本筆記中使用的程式語言為python,課程為:机器学习 A-Z (Machine Learning A-Z in Chinese)
程式編輯器:spyder
python版本:3.6
如何安裝及使用packege內的程式
EX1:
import Numpy #導入程式庫
X1, X2 = Numpy .meshgrid.....
EX2:
import Numpy as np
X1, X2 = np .meshgrid..... #之後使用就可以簡化
EX3:
from sklearn.ensemble import RandomForestClassifier as RFC #直接導入sklean model 內RandomForestClassifier
classifier = RFC(......
NumPy 多維數列與矩陣運算用,最常搭配matplotlib使用
np.arange(start = X_set[:, 0].min() – 1, stop = X_set[:, 0].max() + 1, step = 0.01)

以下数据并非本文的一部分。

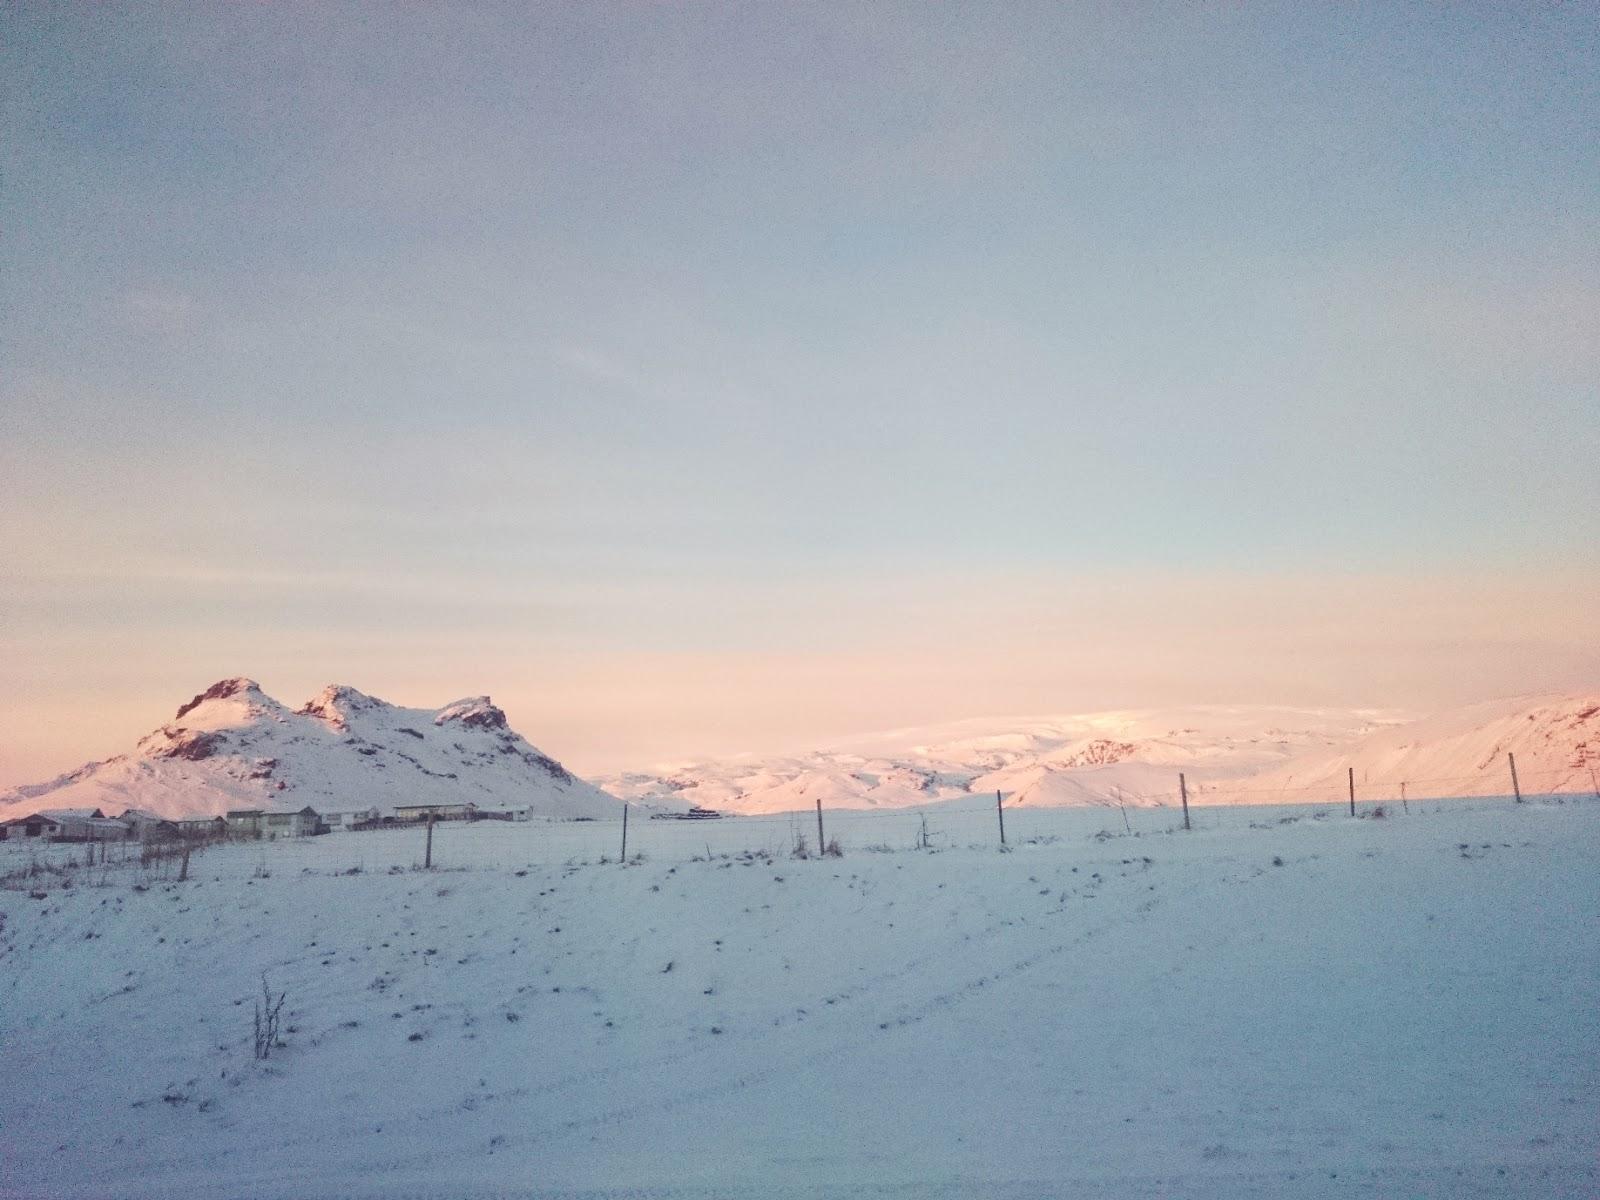 zimowe atrakcje Islandii, Islandia, krajobraz, zima, góra, lodowiec, śnieg

Matplotlib.pyplot 視覺化套件,只有一張圖的話使用全域 pyplot 很方便
plt.xlim(X1.min(), X1.max())
plt.scatter()plt.title(“)plt.xlabel(“)plt.ylabel(“)plt.show
pandas 數據分析用
pd.read_csv(‘XXX.xsv’)
os 文件和目錄操作,學習中主要用在自動跳到工作路徑用,避免多次手動安裝路徑
os.chdir(“D:\Machine Learning A-Z Chinese Template Folder\Part 3 – Classification\Section 10 – Logistic Regression")
random
random.betavariante( thida1, 1-thida1)
sklearn 為scikit-learn縮寫,數據處理相關模組,常用程式庫如下:
from sklearn.impute import SimpleImputer #遺失數據處理
imputer = SimpleImputer(missing_values =np.nan, strategy= ‘mean’)
imputer.fit(X[:, 1:3])
X[:, 1:3] = imputer.transform(X[:, 1:3])
from sklearn.model_selection import train_test_split #自動將數據及分為訓練集及測試集
X_train, X_test, Y_train, Y_test = train_test_split(X,Y, test_size = 0.25, random_state = 0 )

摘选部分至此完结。